A resource is used, when is the usage metered? If your instance is priced by run time when is that metering durably recorded? End of a time period, a billing period (oops! Havent got to billing periods yet!), on resource state change?
Assume you have a bunch of metering records. What price do you apply? There are LOTS of prices, even for the same thing. So now we need to know per account/service/region/contract/whatever the price to apply to the metering data. Oh no! The final price depends on aggregate usage! We cant determine the “price” for any single metering record without knowing cumulative usage. So now we have to aggregate total usage and apply the different marginal prices before we can determine any single price :(
Now we have lots of metering data + pricing data, lets make a bill. Who is the bill for? An account, a group of accounts, an organization? I hope you dont support credits, discounts, or similar that cross accounts. In practice the answer is probably “yes” and you e run in to another round of aggregation.
This isnt specific to SaaS, but describes billing in general. Its not A hard problem, its Many hard problems. And that general pattern of business problems is why you see most (all?) providers end up at a process that looks like recurrent batch computations.
Disclaimer: principal at AWS, but do not work in the metering/billing space directly. None of the above is specific to my employer and solely my personal observations/opinions.

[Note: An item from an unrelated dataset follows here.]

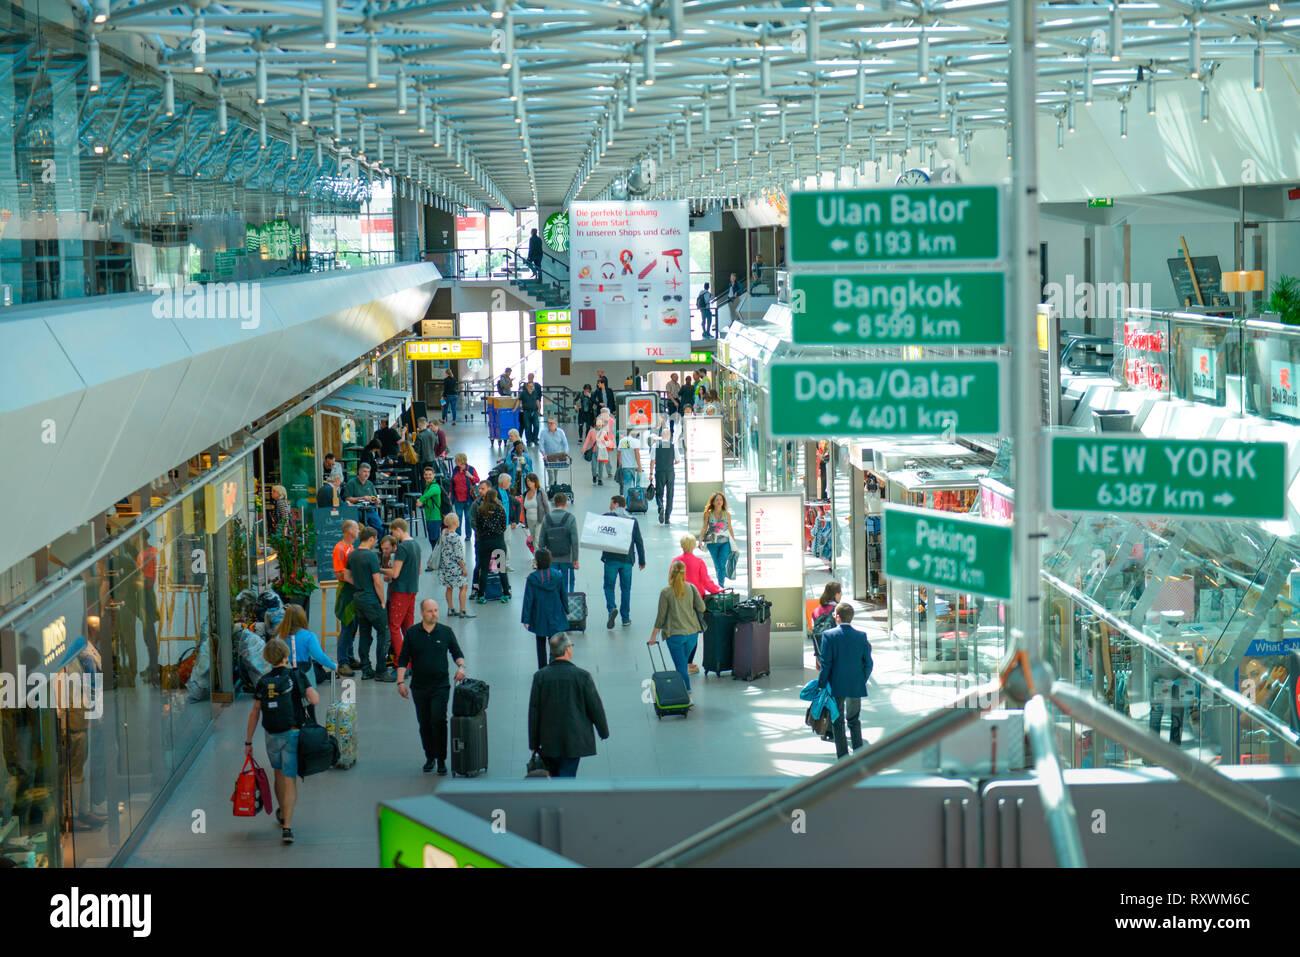 Terminal A, Flughafen Tegel, Reinickendorf, Berlin, Deutschland - Stock Image

But for precise billing they need to handle a bunch of corner cases - things like 'you did this expensive thing while there was a network outage for 36 hours'.
Instead what cloud providers do is cheaply write an activity log to some async queue system. Eventually (hours later) those logs get aggregated into a central location and a bulk usage levels get updated onto your account. This is much cheaper to do and keeps everything decoupled.
Downstream impact in a JIT environment. Shipping cost, logistics, what can and cannot be swallowed or negotiated up and down. Worker or plant availability, cost, to make up. Tax, tax rebates, pollution offsets, constant or marginal utility pricing, fees for non consumption, incentive pricing.
A whole bunch more. Corrective action in a factory may take quite a lot of off the back of a napkin calculations.
If you built out an accurate data model for cloud service billing, this would become quite obvious: it’s not as simple as accumulating the consumption of a single resource from an upstream source.
Frankly-this would make a great FAANG interview question, though the implications should be obvious to anyone who’s ever worked in a public-facing cloud service: operations are themselves a billable client whose resource spend must ALSO be managed carefully.
This introduces a delay between the moment a cost is incurred and the moment it is billed. This delay can be of several hours or even days, depending on the billing frequency (hourly, daily, monthly).
For example:
- You start an instance at 10am. You are billed for it from 10am to 11am. You stop the instance at 11:05am. The charge should be removed from the bill at 12pm (because bills are generated hourly). If you look at your bill at 11:05am though, you will still see a charge for an hour of usage, since your bill has not been updated yet. If you want to check if your charges were correctly applied to your bill, you will have to wait until 12pm to look at your bill again.
Because of this delay, cloud providers cannot show your consumption / cost in real time: they would either show incorrect information (if they use billing data) or make you wait until they have updated their bills (if they use raw usage data).